Looking at the ratio of charitable spending on total income doesn't tell us about how well-run a charity is. Charities sometimes have to spend money to make money, and may choose not to spend all of their income at once.
"Some of the UK's biggest and best known charities are spending less than half of the cash raised every year by members of the public on good works, a new research has found."
The Telegraph, 12 December 2015
A report from the True and Fair Foundation looking
at charitable spending appeared in the Telegraph this weekend. The report looked at various charities' spending on charitable activities as a proportion of their total income, averaged over a three year period.
Looking at the ratio of charitable spending to total income doesn't tell you much about how well-run charities are, or how effective they are at achieving their charitable goals.
That's because charities sometimes have to spend money to make money—for example, paying rent for a charity shop.

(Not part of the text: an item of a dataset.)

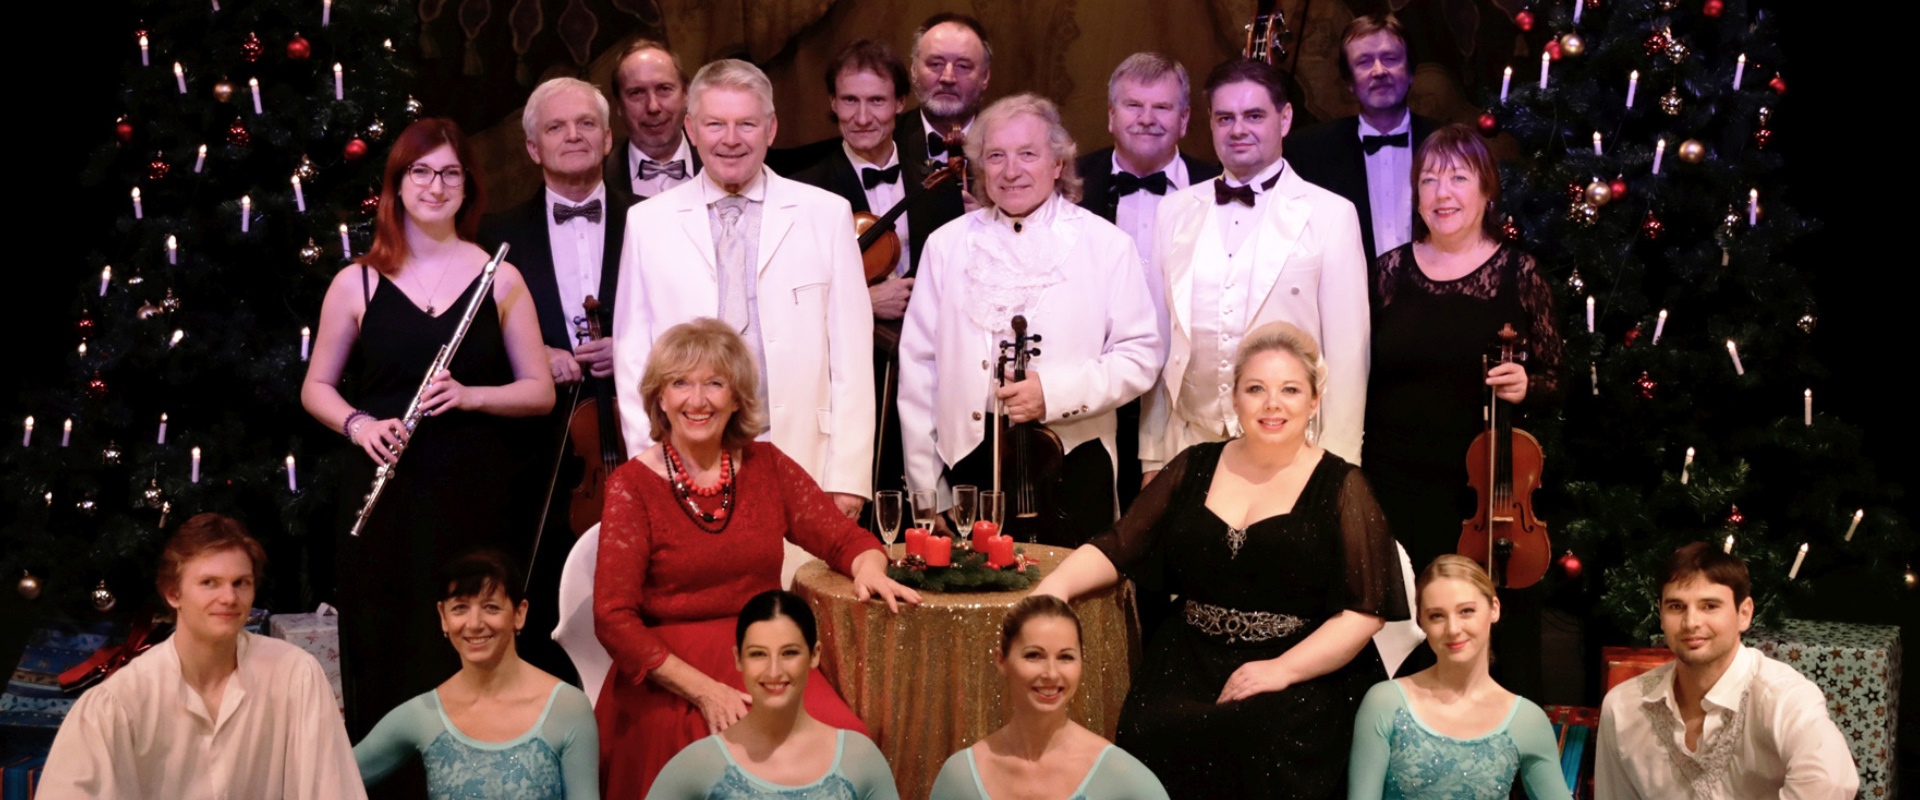 Das Ensemble der Wiener Operetten Weihnacht mit 20 Personen in festlicher Kleidung.

Looking at total income, as the report did, doesn't account for charities spending money to raise more money, or for situations when they don't spend all of their income at once.
Sometimes you have to spend money to make money
Charity accounts show all the resources that flow to a charity in a year, whether through donations, investments, or other sources.
This doesn't account for the cost of generating that income. For instance, a charity might pay a fundraising team to help raise donations. This can lower the ratio of 'charitable activity' spending to total income.
For example, a charity might get £50 in donations, and another £50 from its charity shop, which costs £30 to run. Its total income is £100.
The charity spends £70 on charitable works, and £30 on running its shop. Criticising it for only spending 70% of its income on 'good works' wouldn't show the whole picture. If it hadn't spent £30 on the shop, it would only have £50 to spend on charitable activities.
In this case, it would be more helpful to look at the amount of income leftover after the cost of generating it.
Different organisations can have very different ratios purely as a result of how they raise their funding. It's also worth noting that some charities don't receive any funding from the general public.
The report's methodology counts money that should probably be left out
The ratio used in the report includes items of income that cannot always legally be spent, like permanent endowments. This is money or land that is given to a charity with the intention that it will be held forever.
The ratio also includes income that isn't actually received in that year; legacies are recorded when a charity is notified that they've been left a sum in a will, but they aren't received until a person dies.
Looking at short periods can be misleading
Looking at the proportion over short periods raises another problem. If a charity receives an unusually large amount of money in one year, should it spend it over the three year period to meet a spending target, or should it invest it and spread spending over a longer period?
By this particular ratio a charity would look better doing the first rather than the second.
This is precisely what happened to one of the charities highlighted in the report. The Racing Foundation received a payment of almost £50 million from the Department for Culture, Media and Sport last year. Instead of spending the sum in one year, the charity placed the funds in investments, "with the aim of preserving the capital over the long term and generating investment income to fund grant-making activities".
Full Fact is a registered charity
The comparable figure for Full Fact was about 92% in 2014. Our total income was £336,000 and we spent £309,000 on charitable activities.